* Exercise description *
Nothing in the copy should be a picture; everything else in the listing is to be restated exactly.

___ Data segment ___

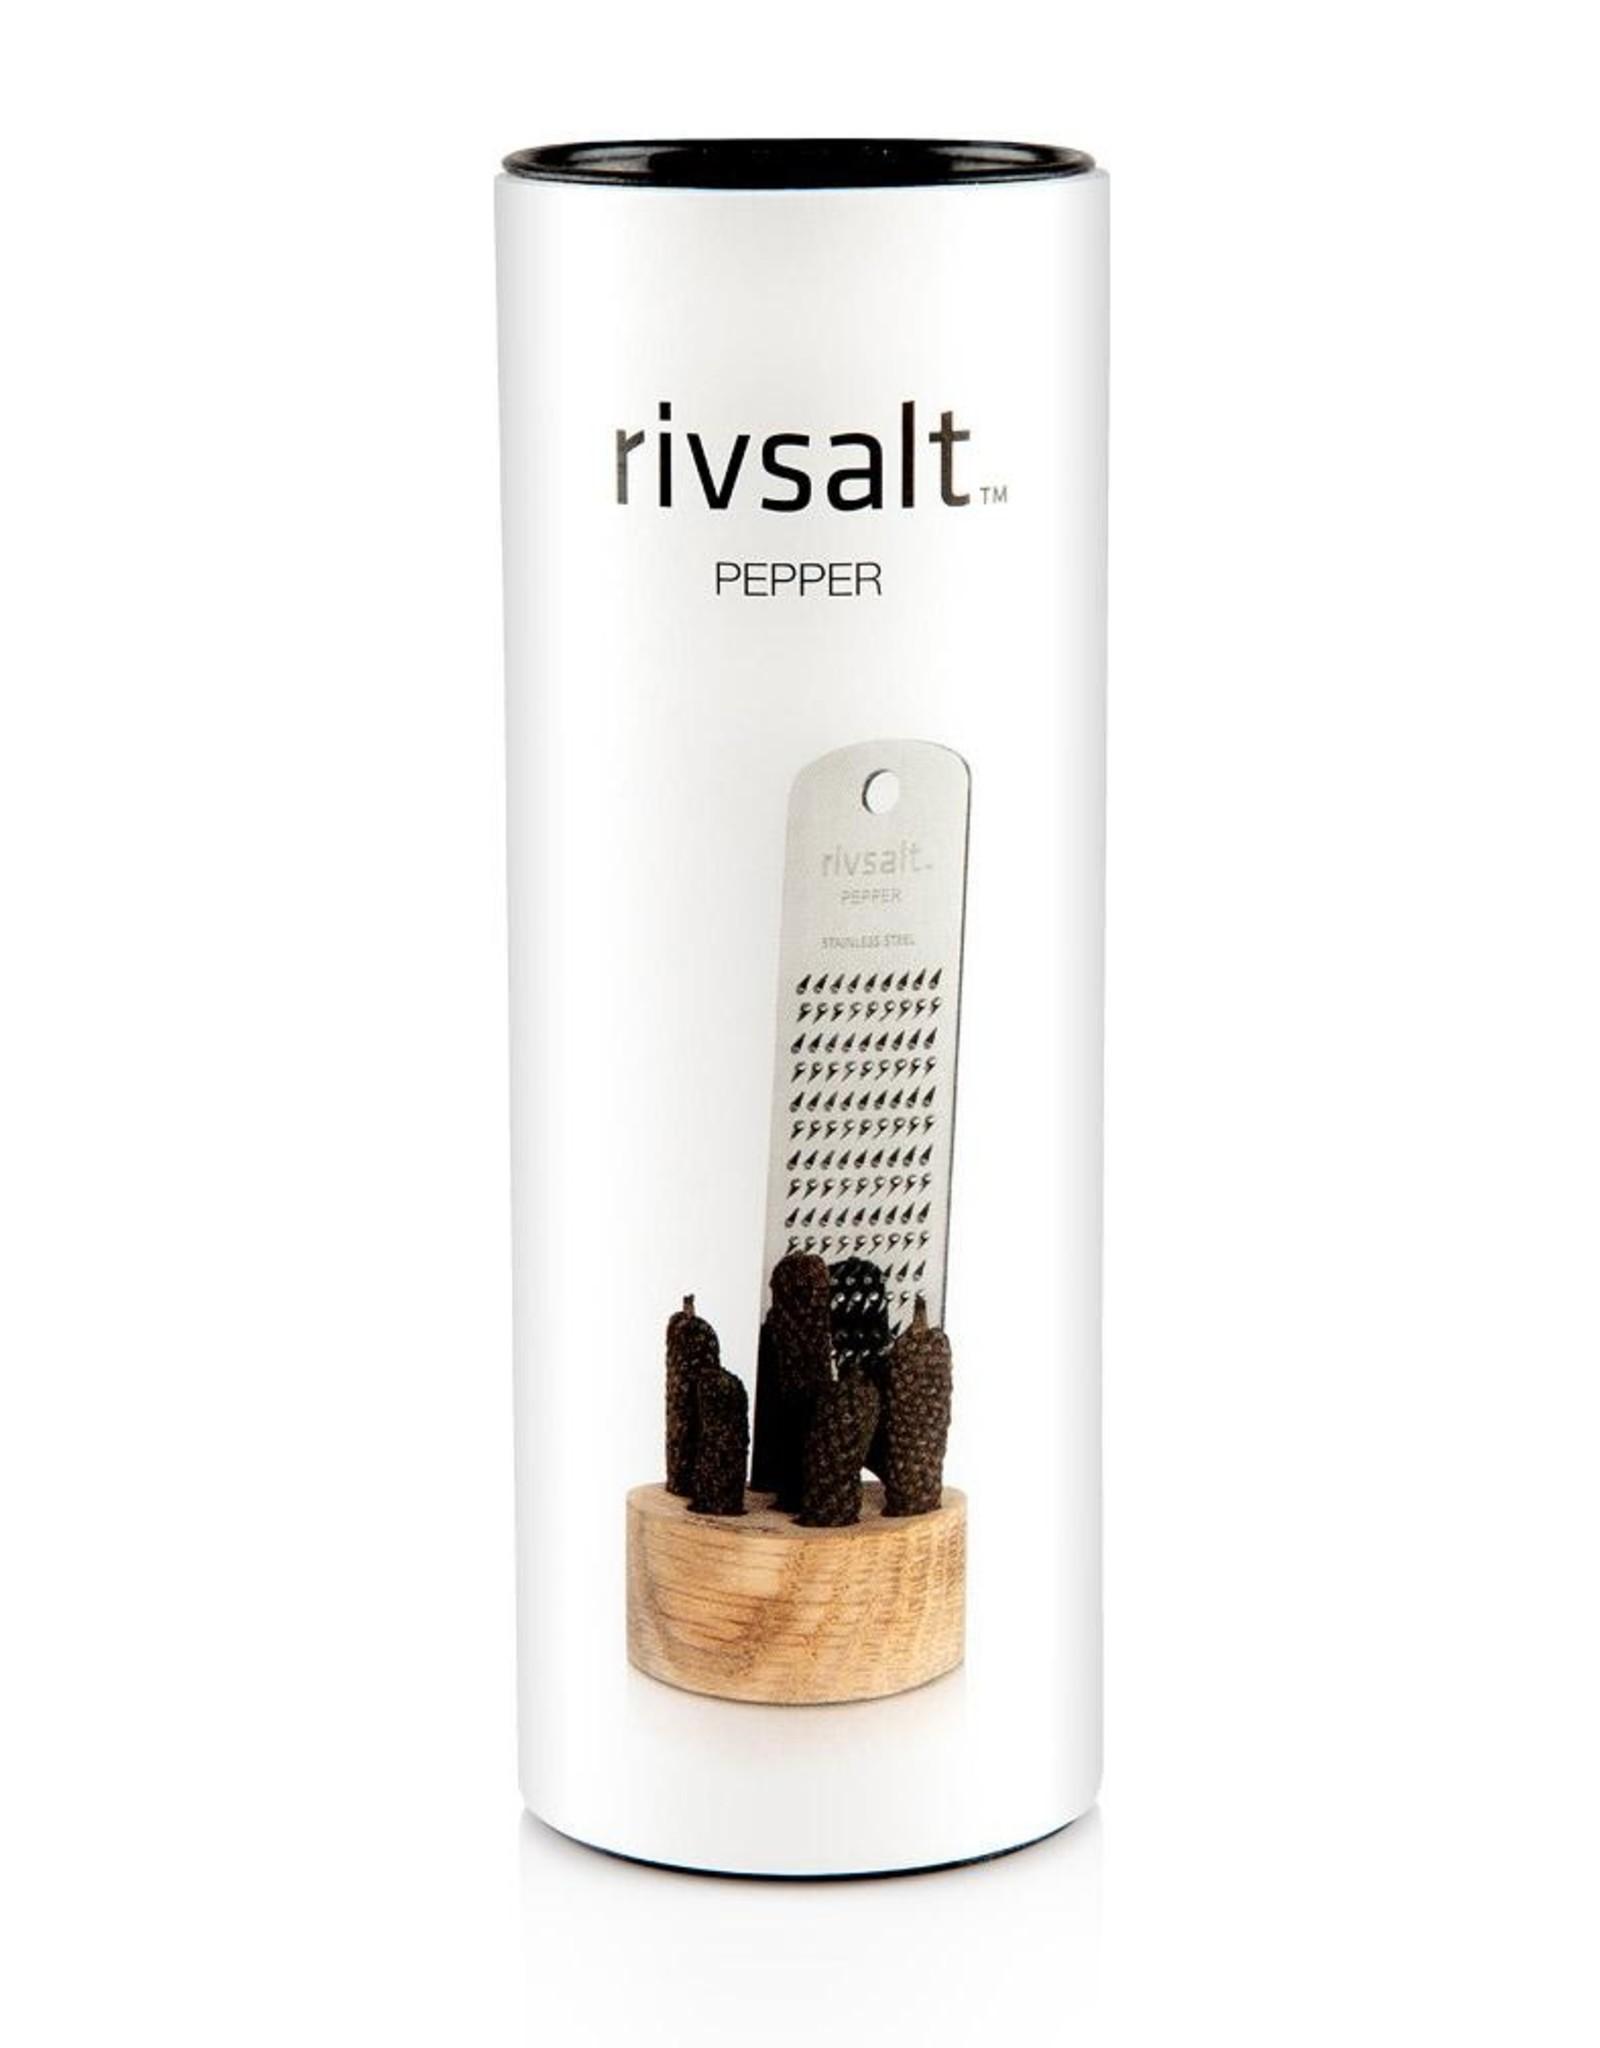 RIVSALT Java Long Bean Pepper Gift Set
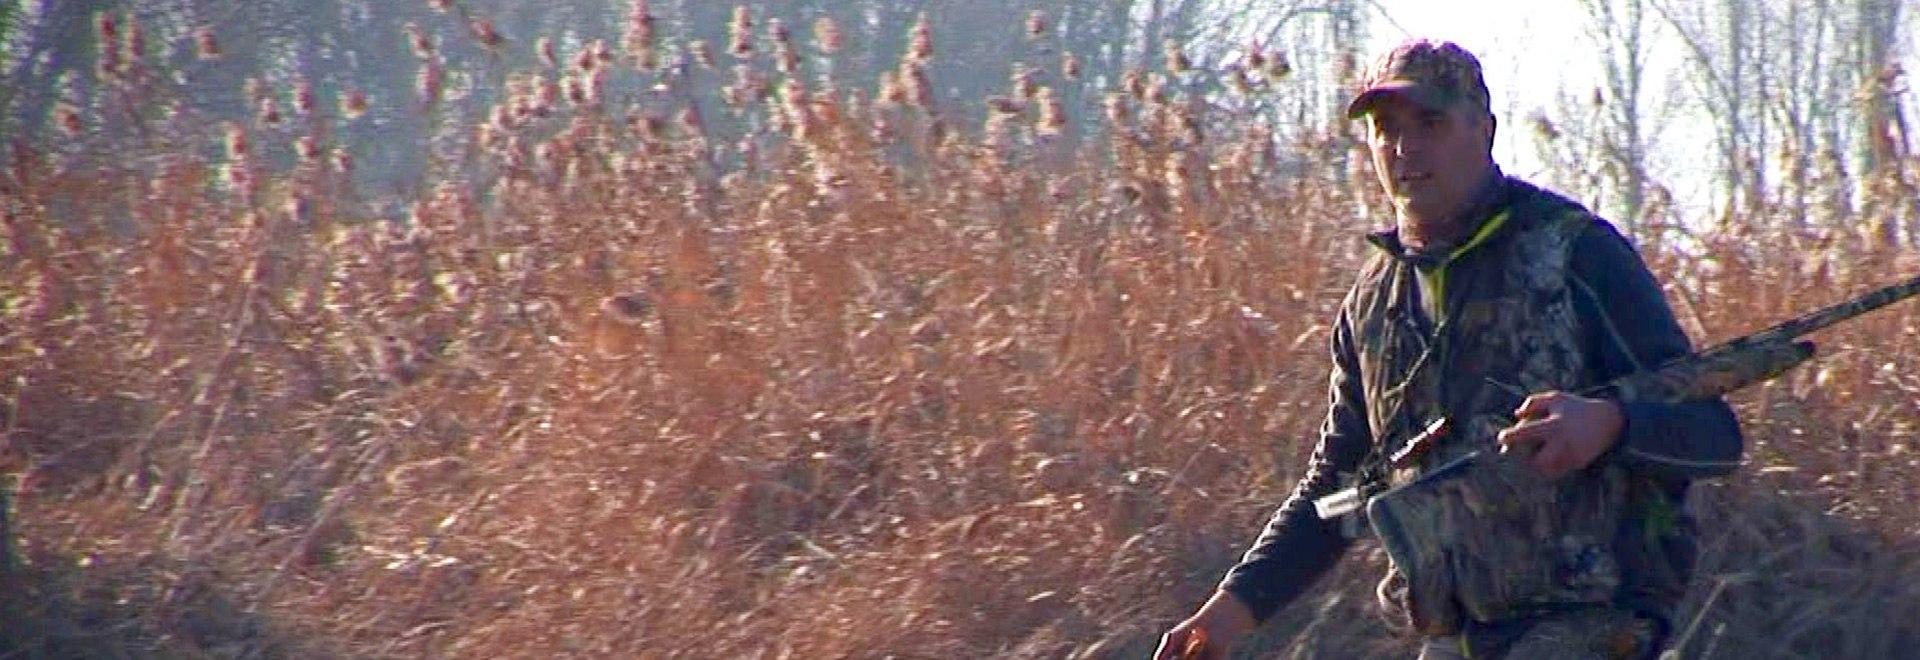 Caccia alle anatre al campo
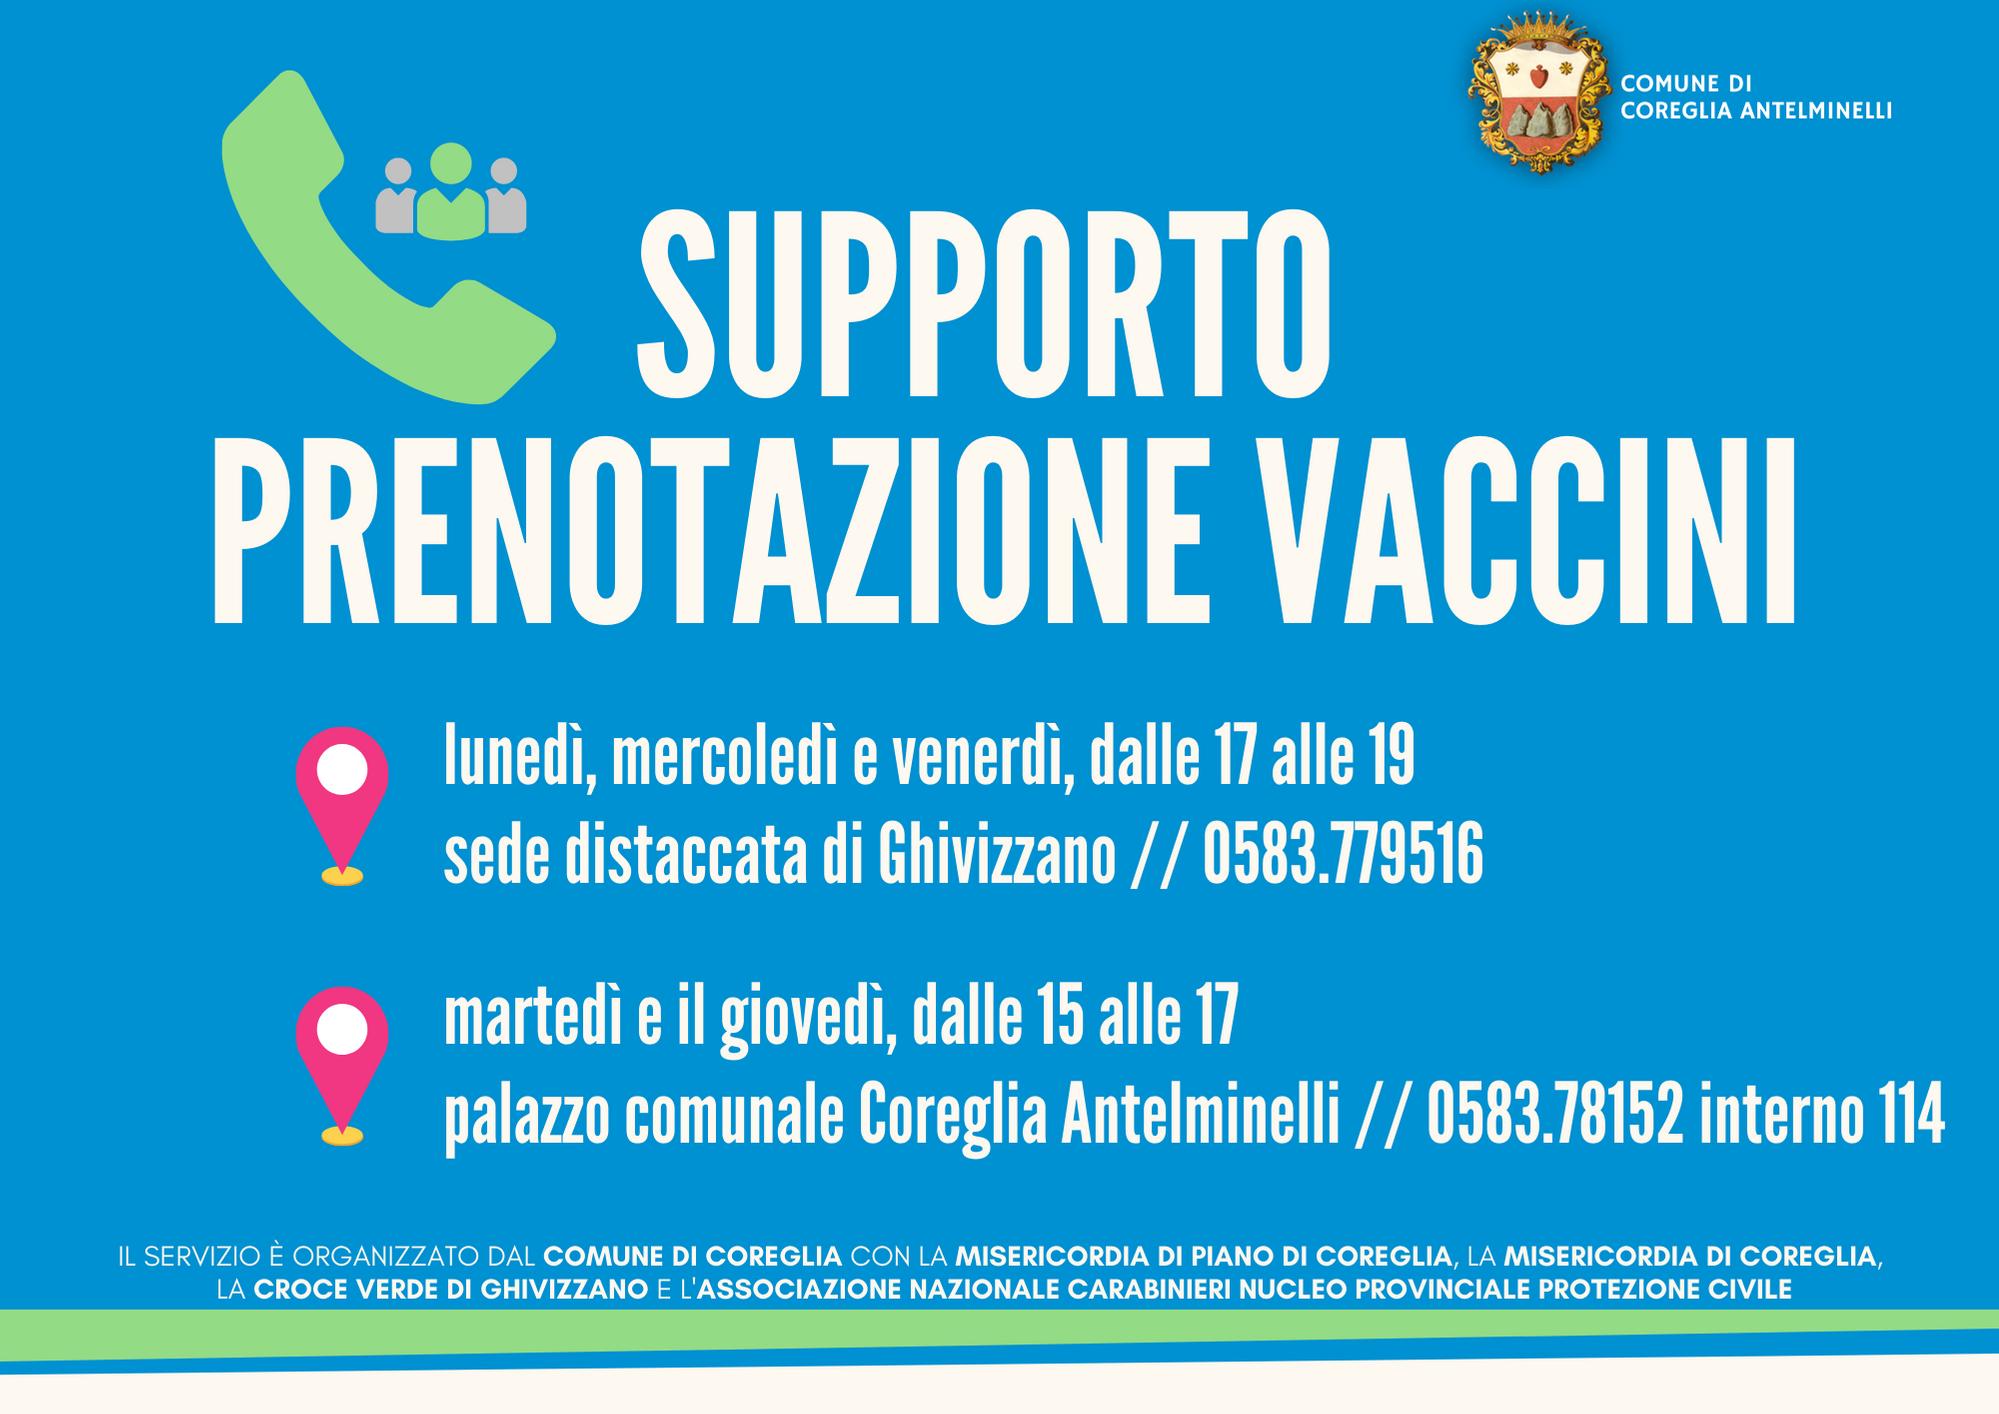 grafica supporto vaccinazioni_coreglia
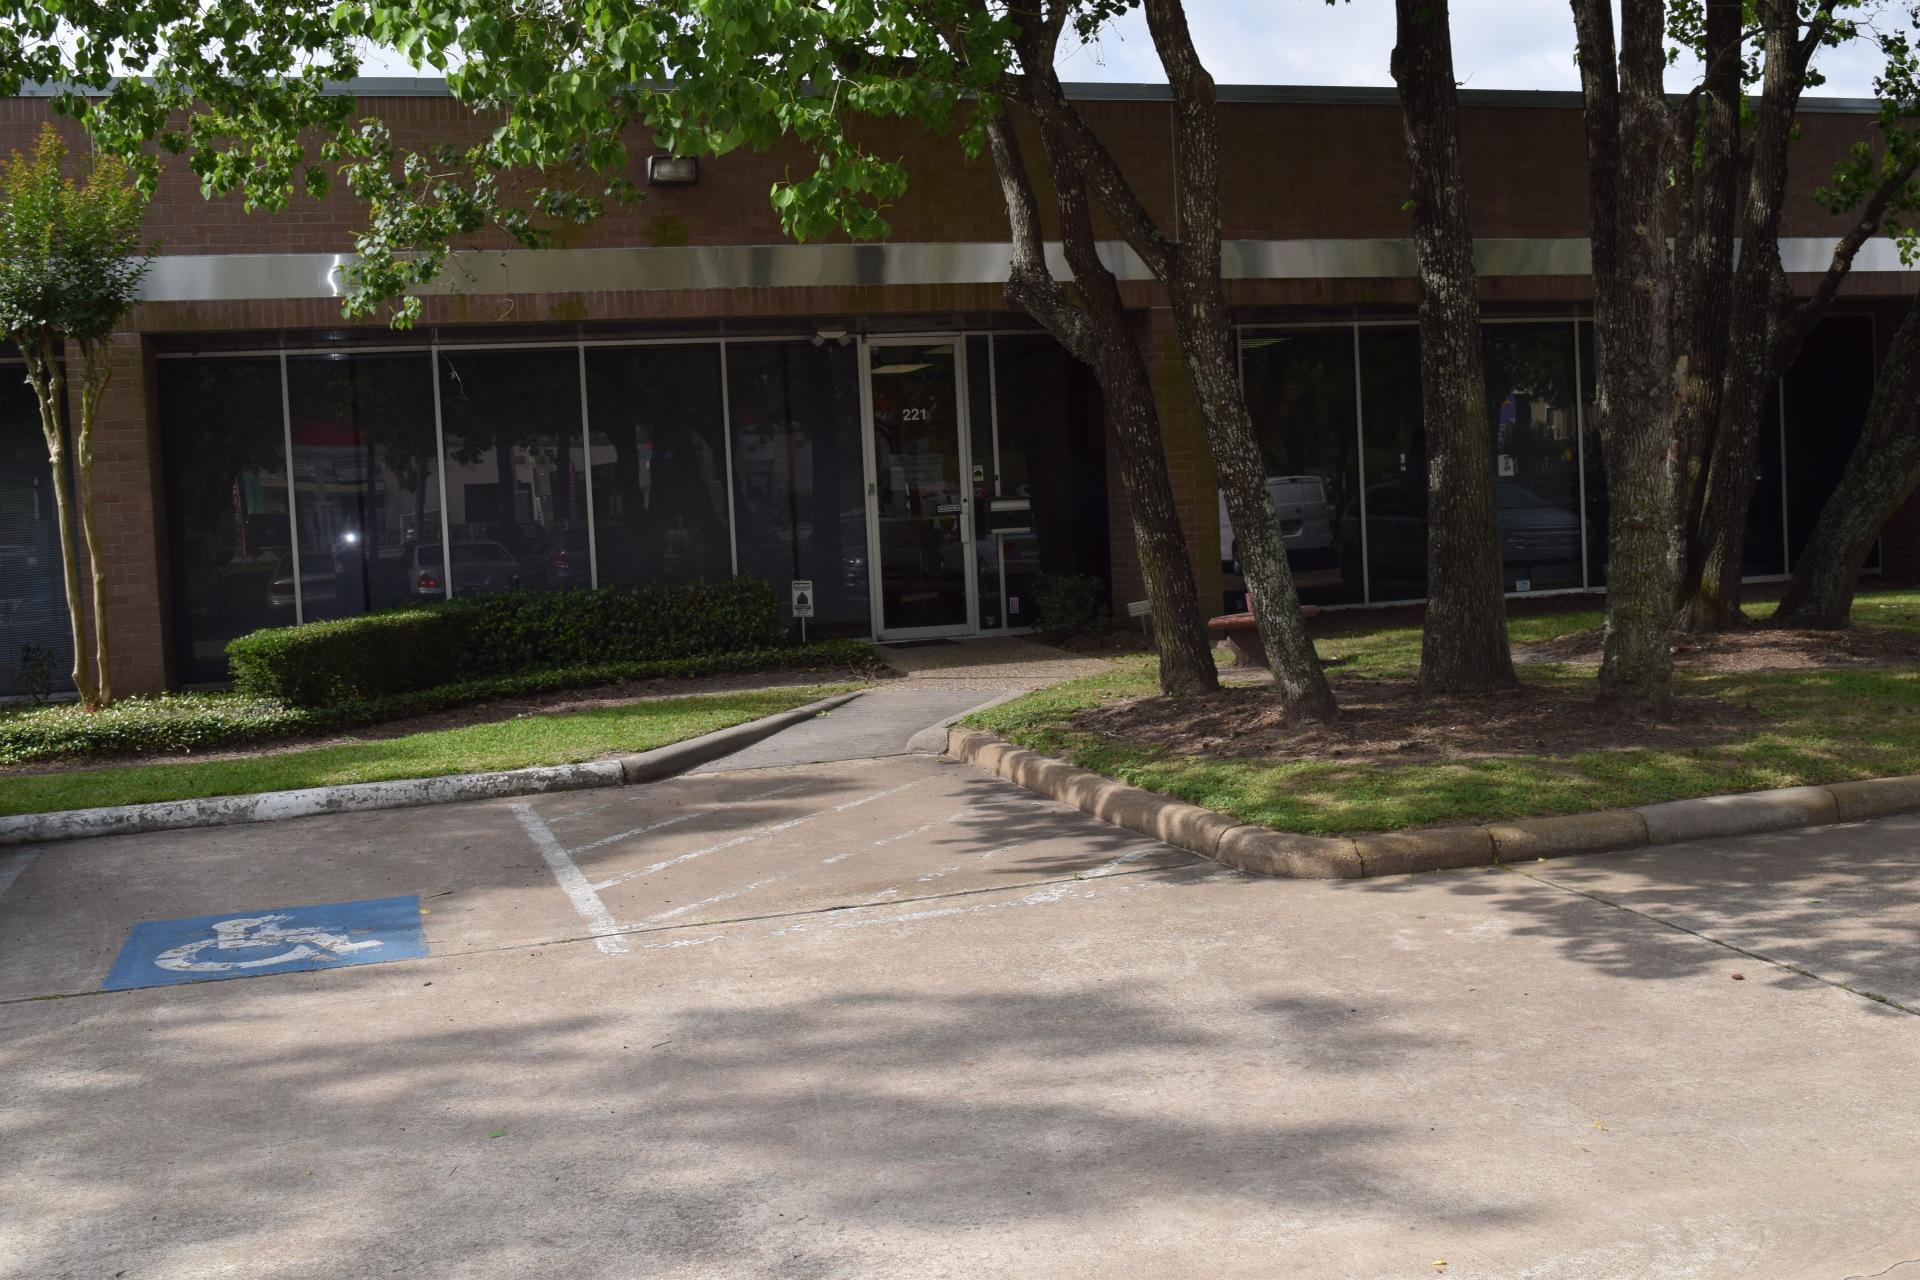 Affinity Memorial Center

___

* Task output *
 RIVSALT Java Long Bean Pepper Gift Set
 Caccia alle anatre al campo
 grafica supporto vaccinazioni_coreglia
 Affinity Memorial Center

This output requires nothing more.